Segment Start: SUPPLIED INFORMATION

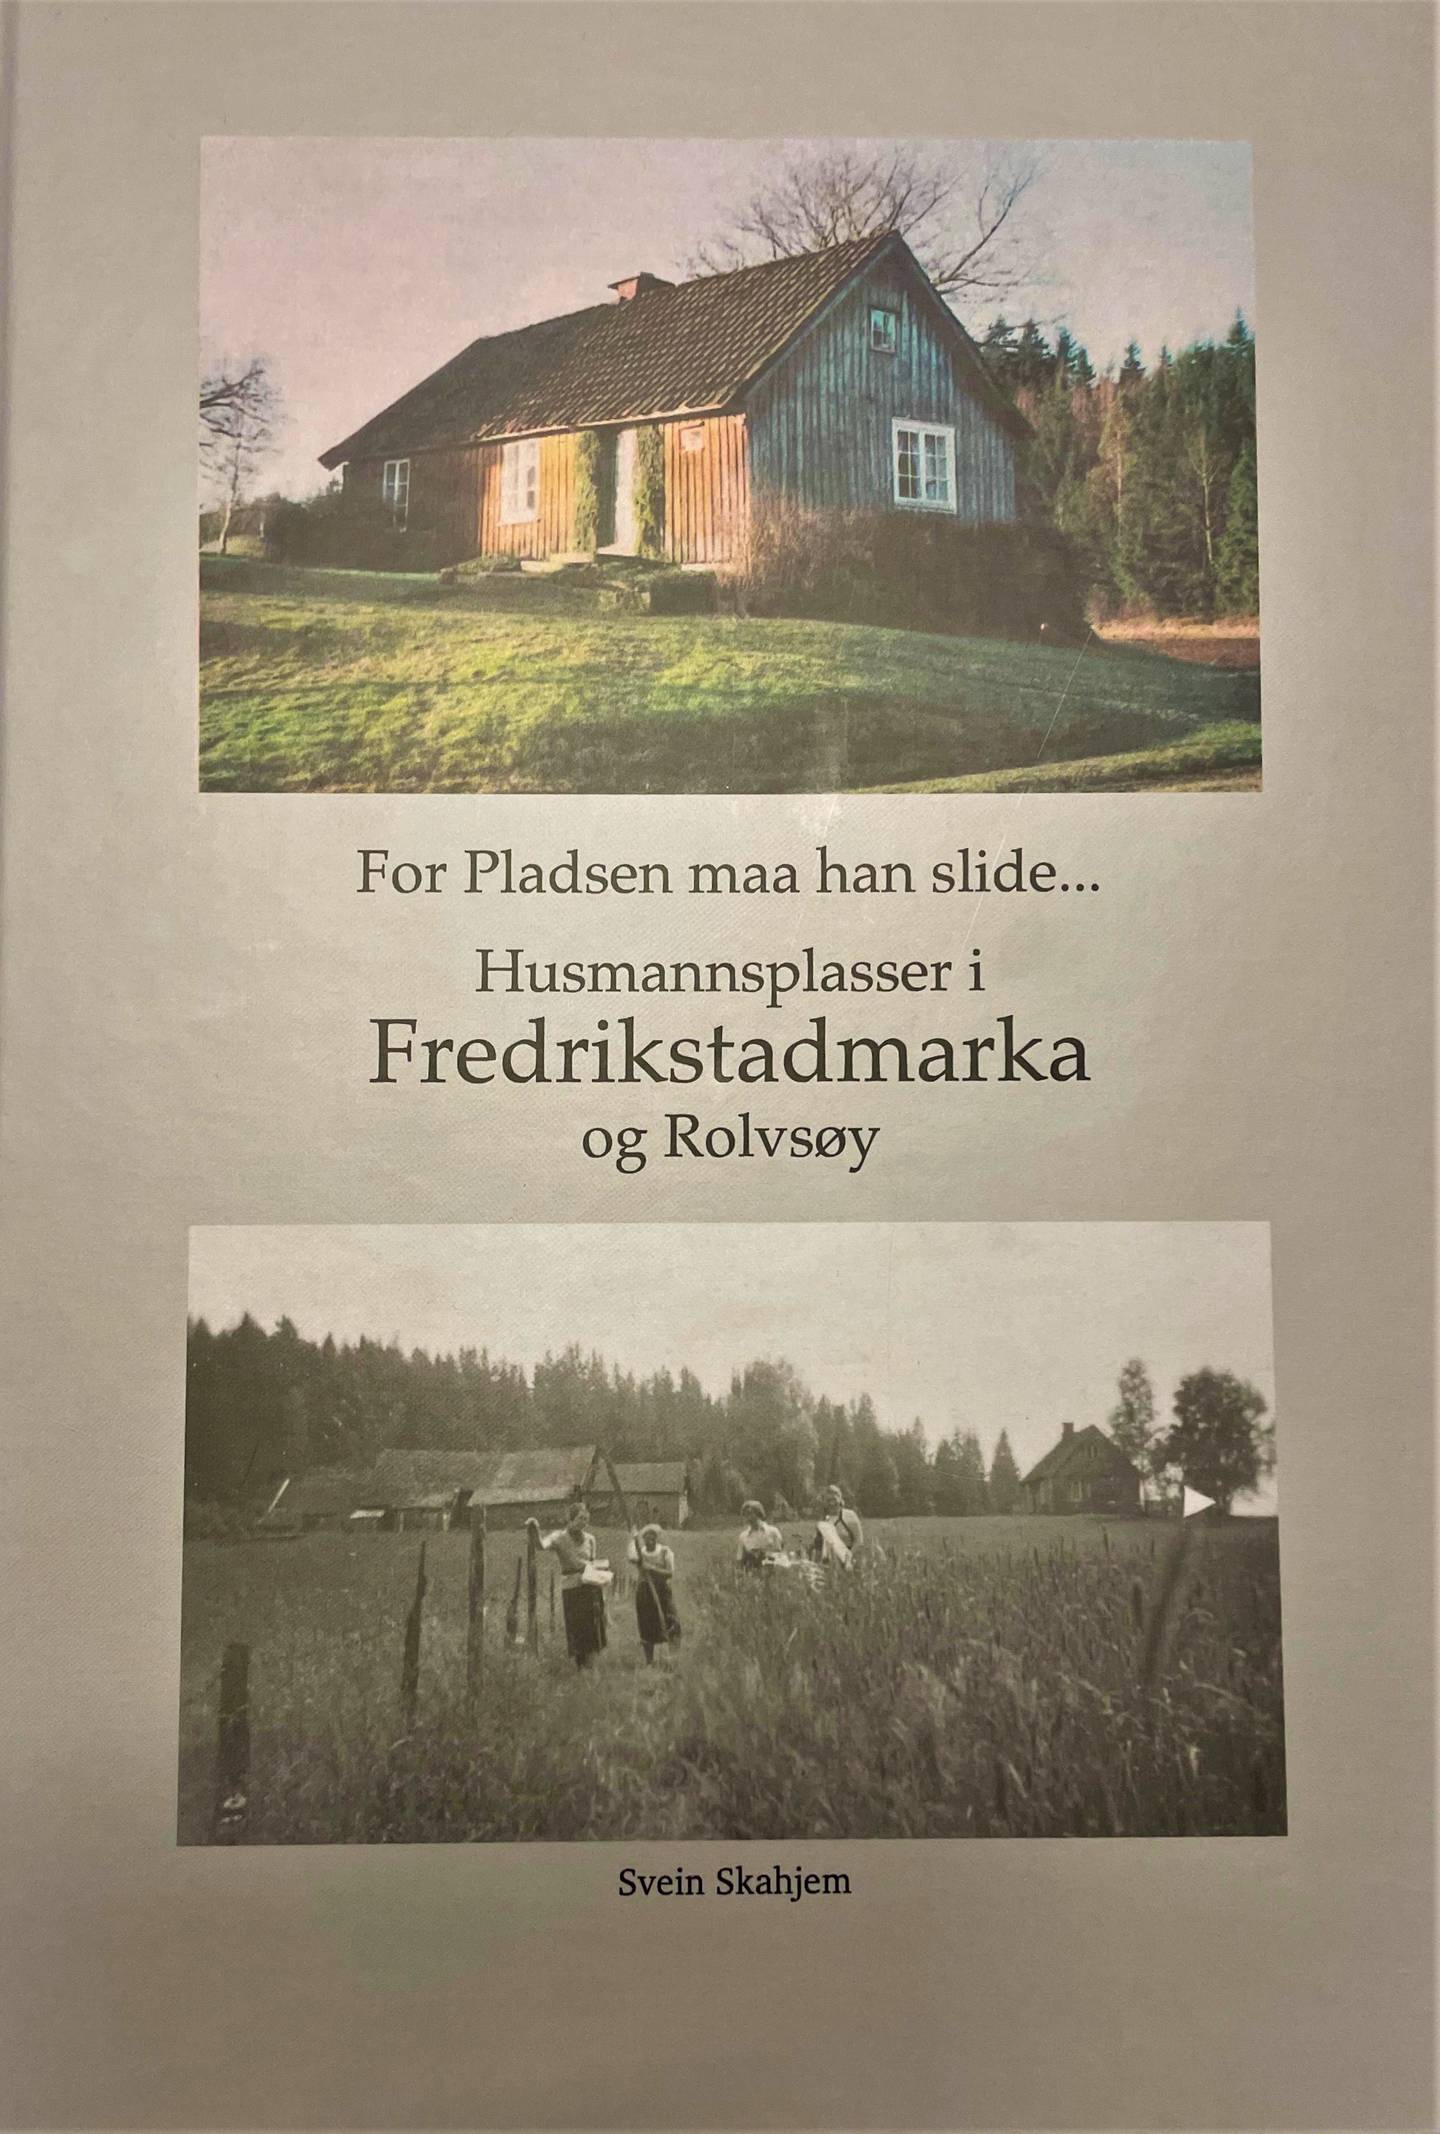 Husmannsplasser i Fredrikstadmarka og Rolvsøy.
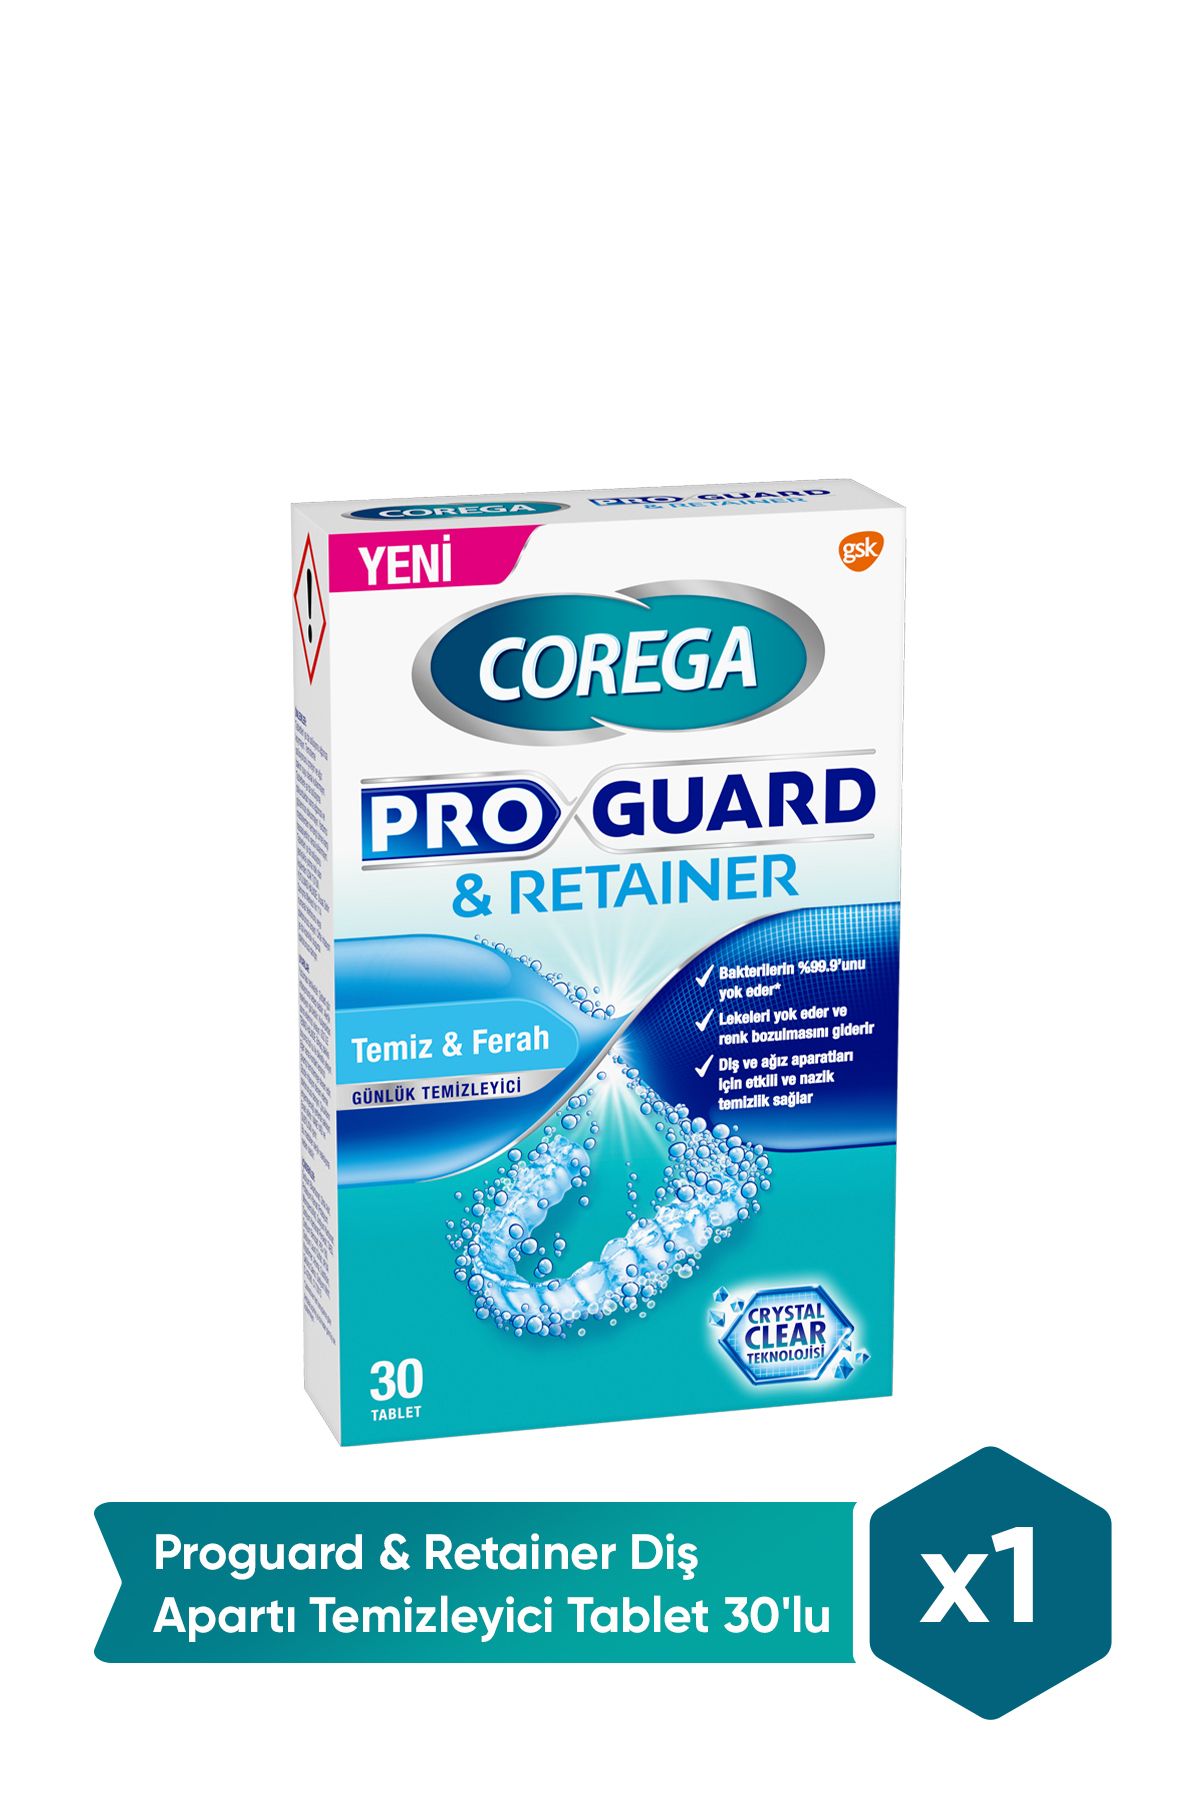 Corega Proguard & Retainer Diş Apartı Temizleyici Tablet 30'lu
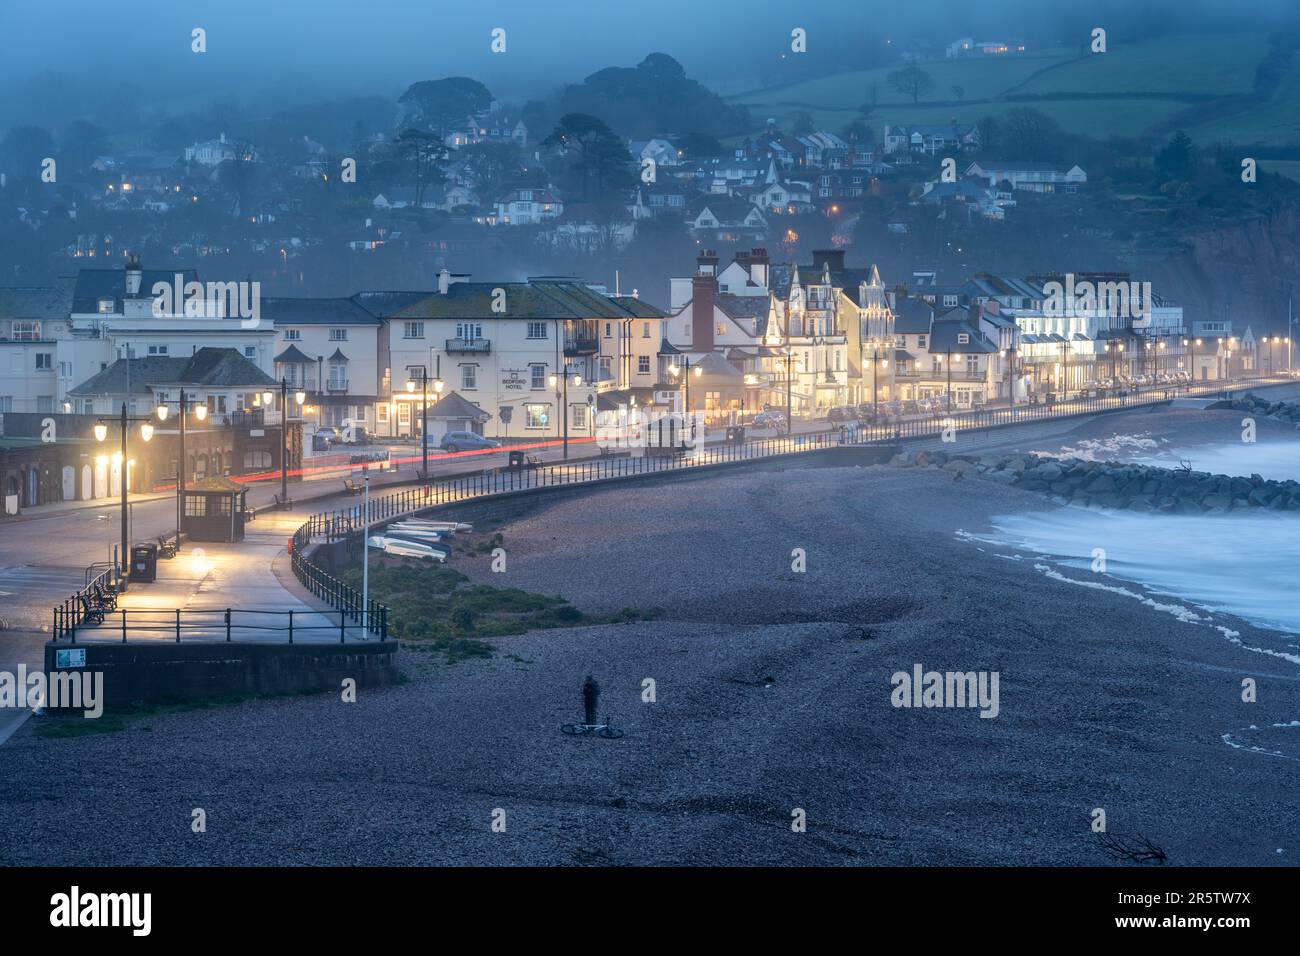 L'Esplanade du bord de mer est éclairée au crépuscule dans la ville balnéaire de Sidmouth, sur la côte jurassique de Devon. Banque D'Images

Segment End: SUPPLIED INFORMATION

> TASK INSTRUCTIONS
Working from the line containing "Corega Proguard &" to the last line of the data, retype every line exactly, both ends included, and leave out all pictures.

> ANSWER AREA
 Corega Proguard & Retainer Diş Apartı Temizleyici Tablet 30'lu
 L'Esplanade du bord de mer est éclairée au crépuscule dans la ville balnéaire de Sidmouth, sur la côte jurassique de Devon. Banque D'Images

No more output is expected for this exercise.